# Problems with 2wire 2701HG-D



## macuser554 (Feb 3, 2009)

I've been having lots of problems lately with this modem from qwest. I had an older model of the 2wire brand, but it was damaged from a lightning surge. Since then, I've gotten this modem. The connection has slowed down, and everything is pretty bad. On my Xbox 360, even though it is wired, the connection seems to be sent out in spurts from the modem. One minute it will be great, and the next it will be extremely laggy. I've talked to qwest, UGH, they say its not the modem, but the connection was fine with the old one. It is the same way on my wired computer and wireless computer. I have a 7mbps connection and the 192.168.0.1 confirms that. So what is going on?


----------



## johnwill (Sep 26, 2002)

Let's see this using a wired computer to the modem/router.
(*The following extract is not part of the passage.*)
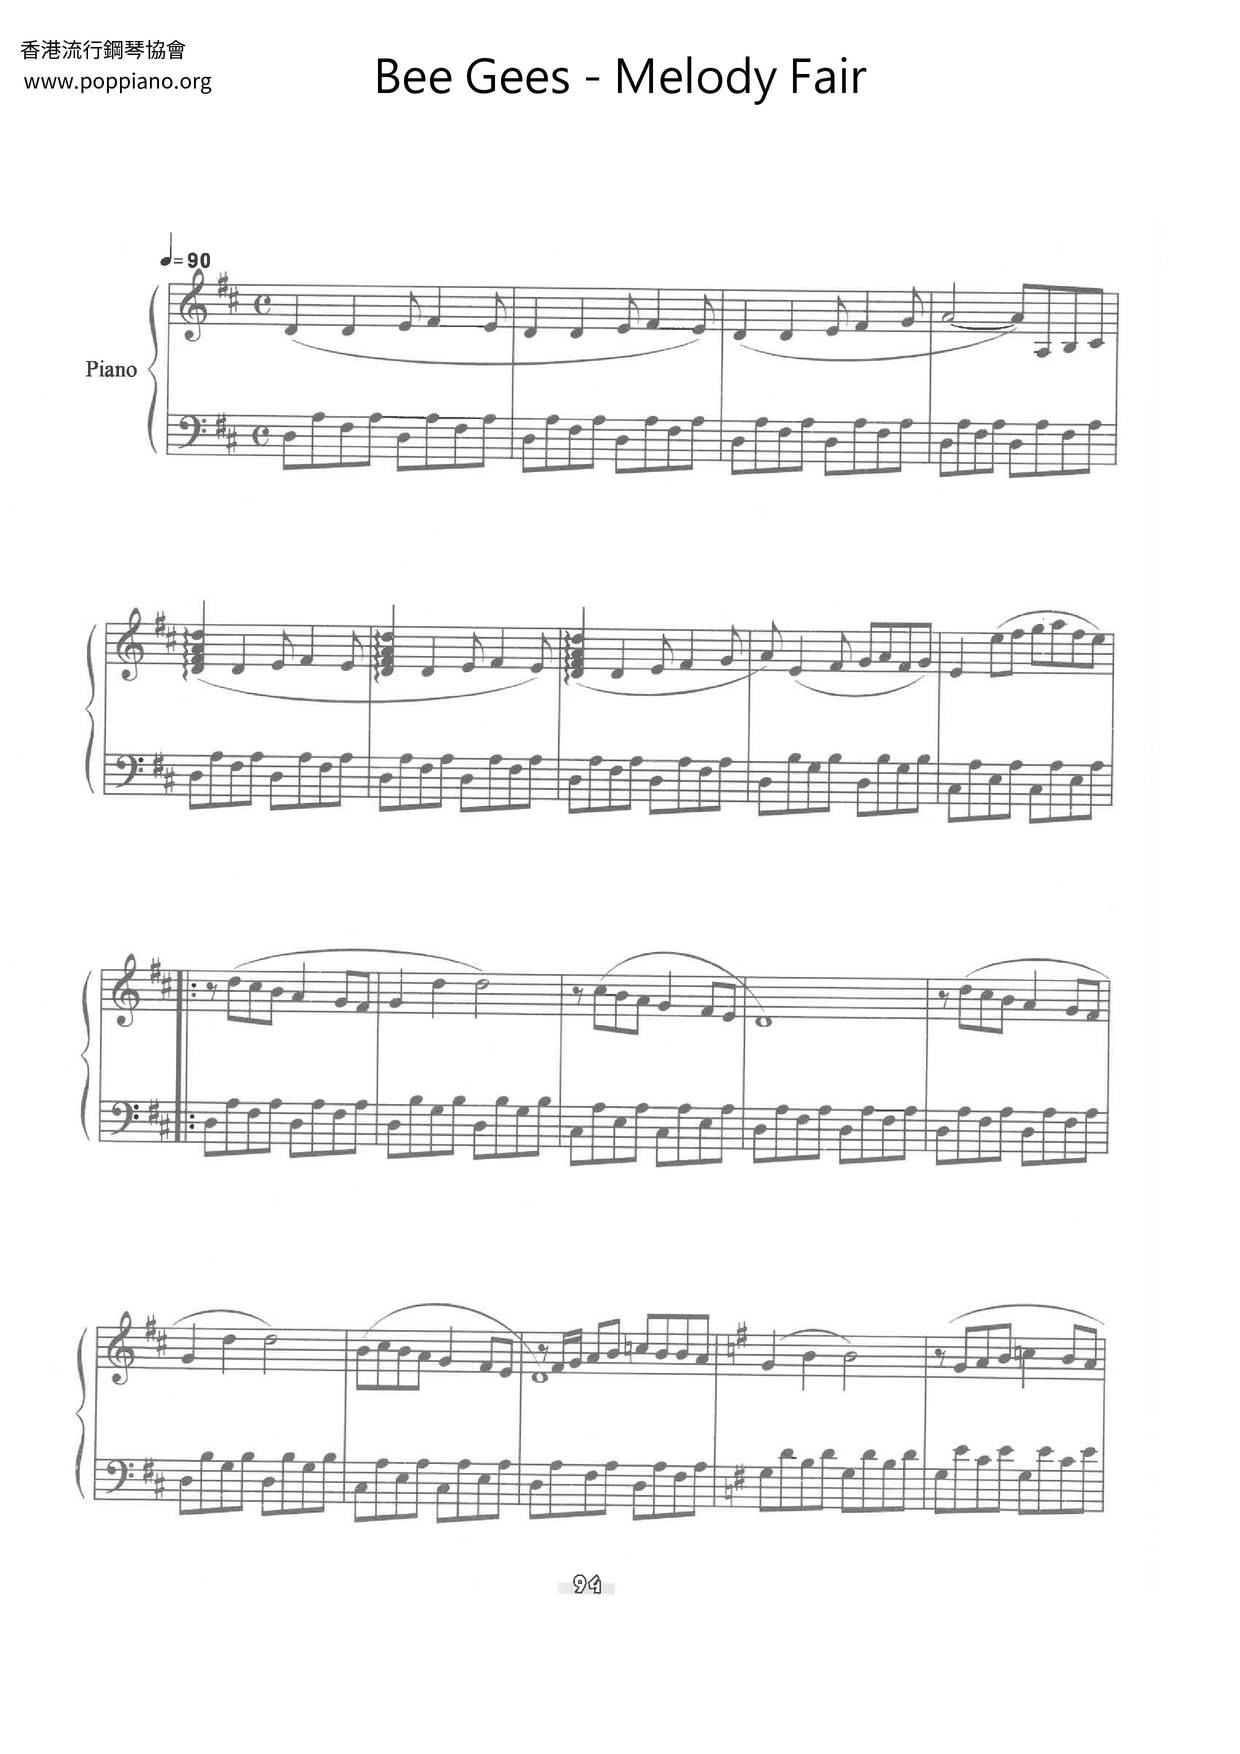 Melody Fair Score

Register at DSLReports and run their Line Quality Tests. It's best to run this test with a direct wired connection to eliminate any wireless issues from the results. It's useful many times to run this test several times, and we'd like to see each of the results. Post the results link from the top of the test display page for each test run here.

The link to post is near the top of the page and looks like:

If you wish to post this result to a forum, please copy/paste this URL
*http://www.dslreports.com/linequality/nil/2357195* <- _sample only, yours will obviously be different!_
and your IP will be disguised.

Copy/paste that link here.

*Note:* _You will have to enable PING (ICMP) request response either in your router (if you have one), or in your computer's firewall for direct modem connections. This is very important to get the most important part of the test to run._


----------



## macuser554 (Feb 3, 2009)

http://www.dslreports.com/linequality/nil/2484829


----------



## macuser554 (Feb 3, 2009)

http://www.dslreports.com/linequality/nil/2484838


----------



## macuser554 (Feb 3, 2009)

http://www.dslreports.com/linequality/nil/2484847


----------



## johnwill (Sep 26, 2002)

It appears you have some line quality issues, I'd be leaning on the ISP. If it started with the new modem, I'd be asking for a different model.


----------